I got all nervous & flustered, but then I warmed up….
He was like write me a function to reverse strings, preferrably in place. At first I pulled out pen & paper, but it wasn’t coming to me. Then I opened up emacs, & the juice started to flow again. I’m not sure if my function puts the terminating null at the beginning, and I did confuse a variable name, and I forgot to return. Did I mention I was flustered? Fortunately, the confusion was probably unnoticed, and the method was basically sound. Phones, bleh!
Then another one where I was reducing the order of a function from the obvious O(n^2) implementation (well, he didn’t give the O(n^2) implementation, but it was, as I say, obvious. I got it down to O(n*log(n)) with little prompting (sort first, then do something qsort-esque for a linear time implementation), and then, with a moderate amount of prompting, down to O(n) (lookup tables, it’s all about the lookup tables).

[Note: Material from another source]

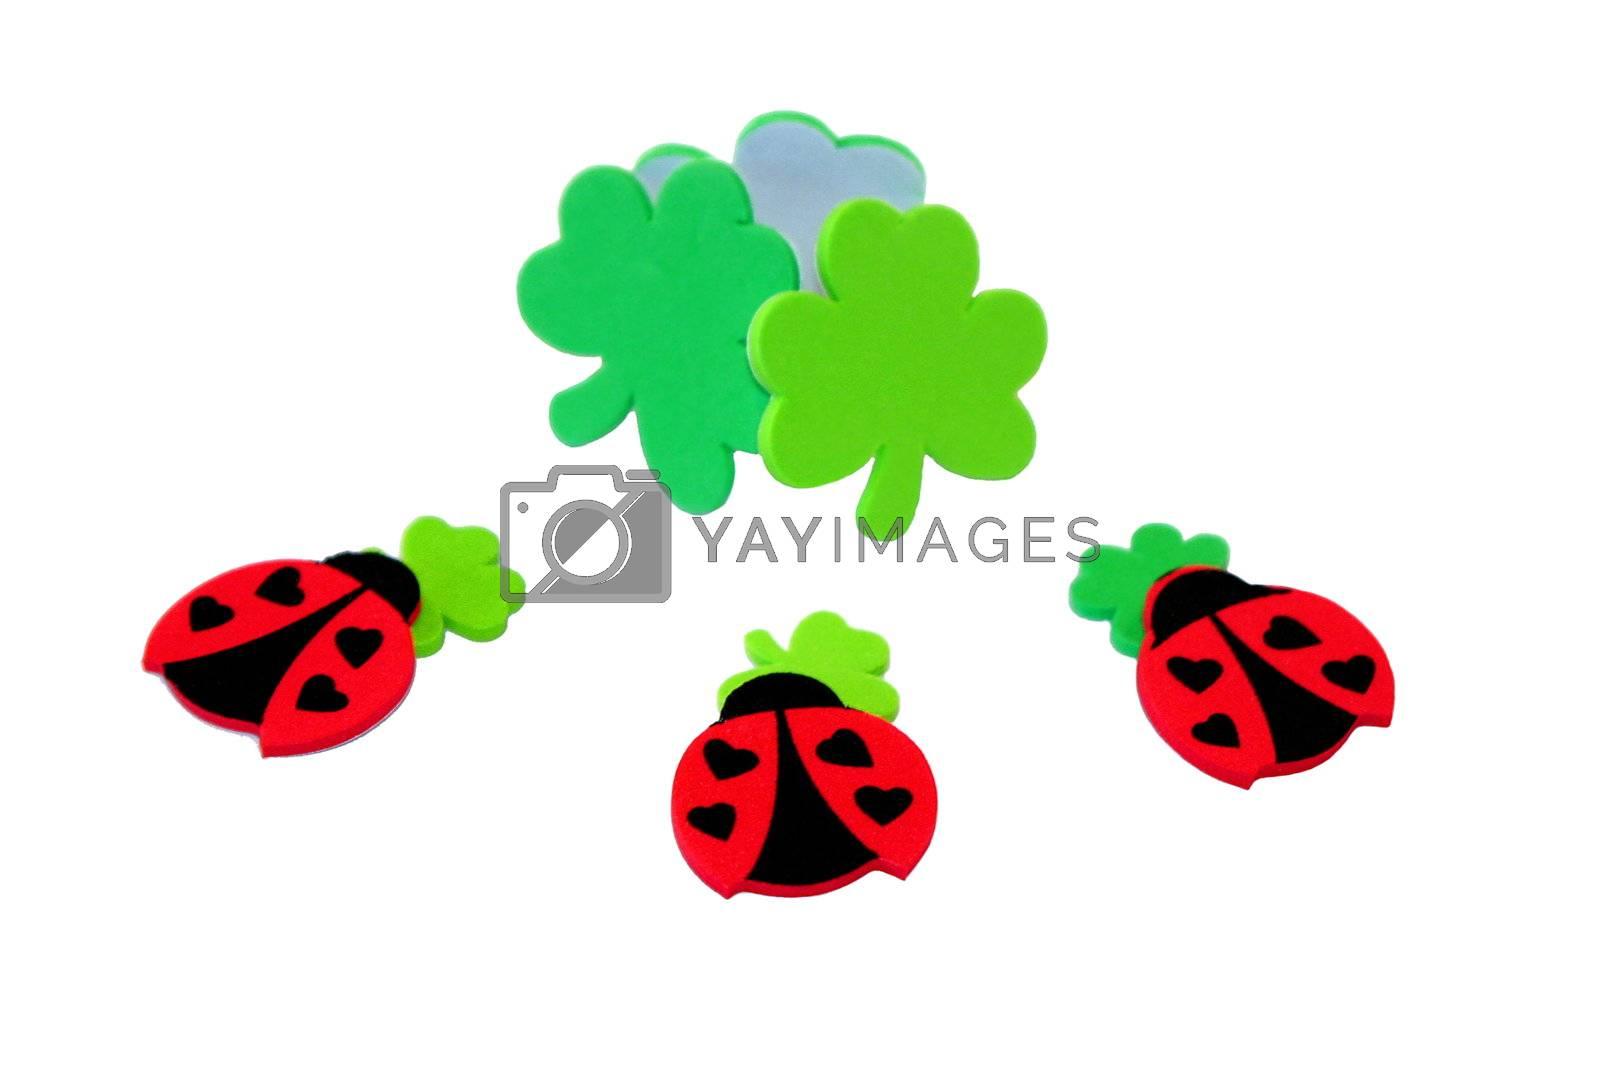 Lucky Ladybugs (6167) by hlehnerer

Some object oriented design questions. I had the technicalities right, and I gave strong stylistic reasons, and after prompting, gave the technical reasons for a virtual function in a toy example.
For the last technical question, we played with in order and pre order binary tree traversals. My intuition was completely correct, my solution was suboptimal, but good.

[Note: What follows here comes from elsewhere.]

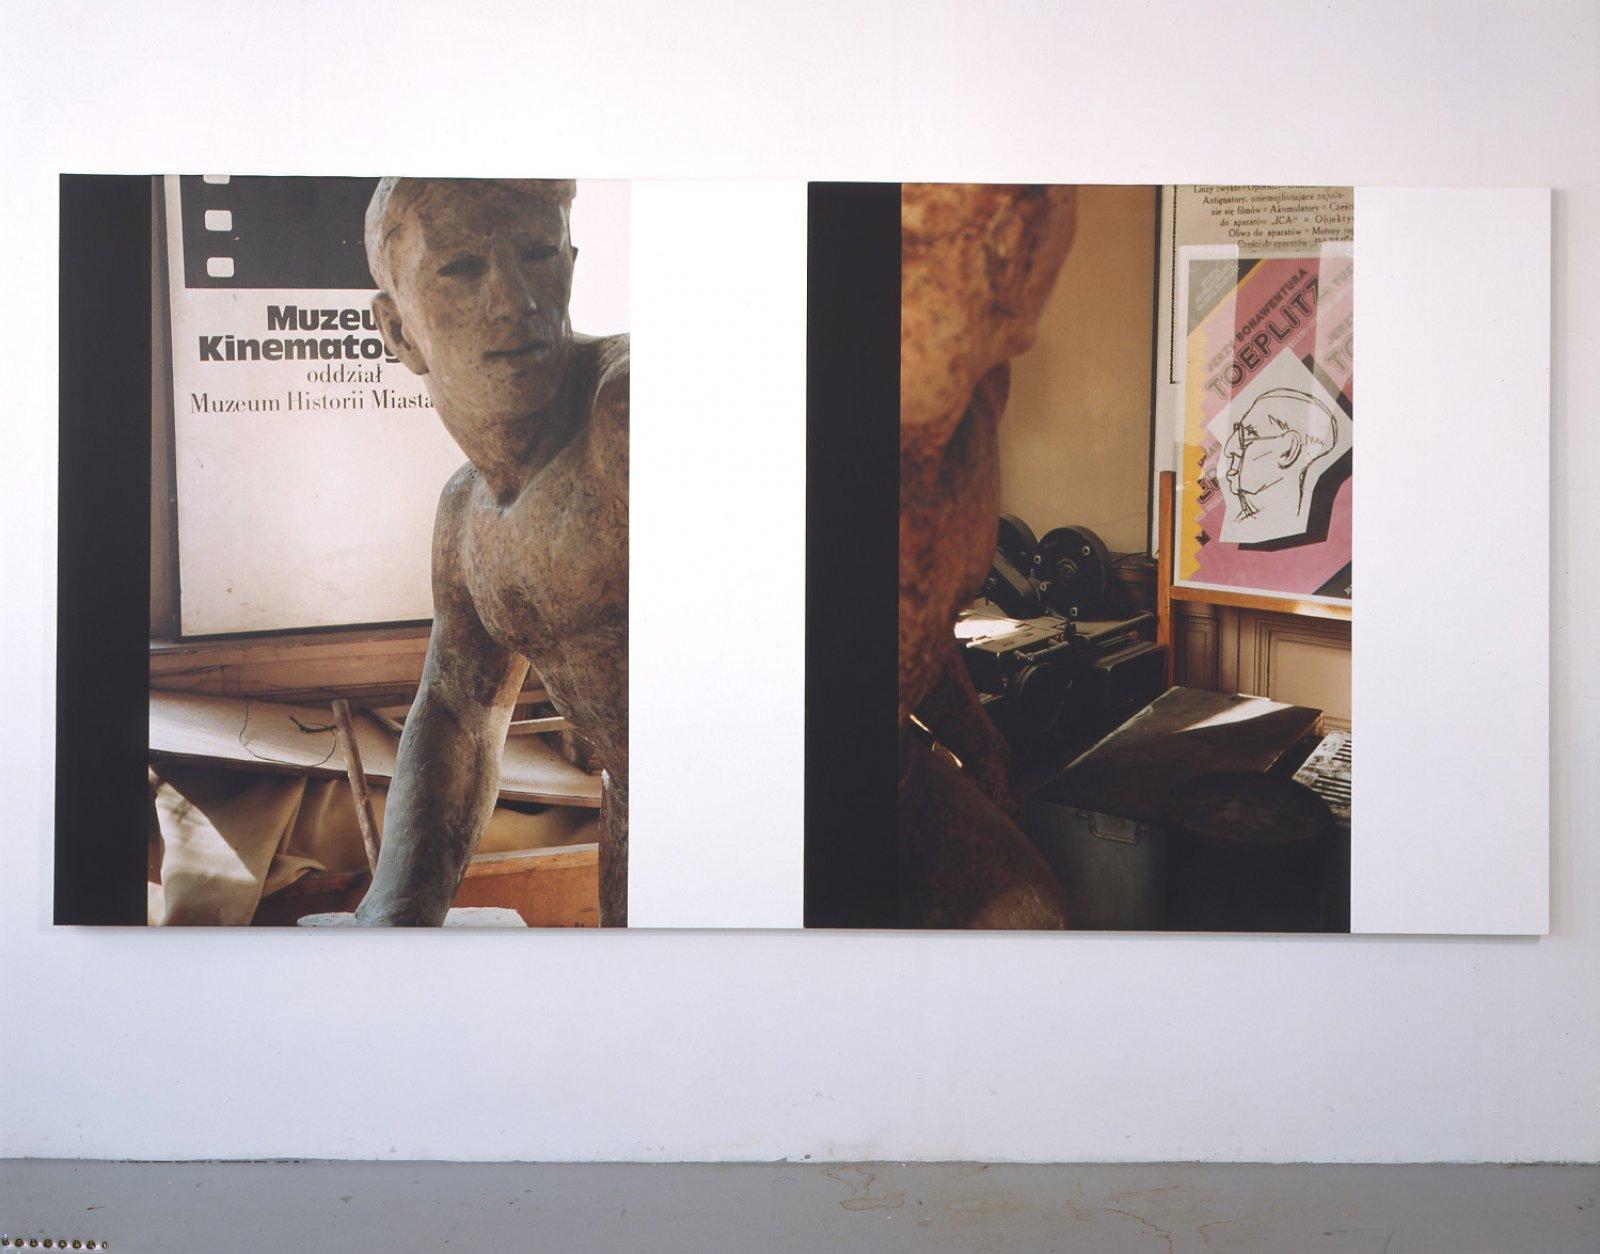 Ian Wallace,The Cinema Museum, Lodz, 1991,60 x 120 in. (152 x 304 cm)

He asked about my goal of being a contractor on my resume, and I assured him I was looking for something full-time-ish with them. I asked for the next step, “I’ll give them my evaluation and our people will call you, and possibly schedule an in person interview”, and then asked for the insider’s perspective on what they did. His answer added some to the description, but more by way of flavor than detail.
I think I did well. All the right answers, if not exactly smooth. We shall see what comes of it. Laundry, and work, and stuff. I may not say much before monday. Wish me luck.
It sounds like you did fine. It’s a technical interview, so nervous & flustered is okay, as long as you wow them with your technical skillez, which I think you did.
You also avoided the common trap of dodging the question by asking “What are you wearing?” in a low, sultry voice and then sighing heavily.
I’ve made that mistake more than a few times.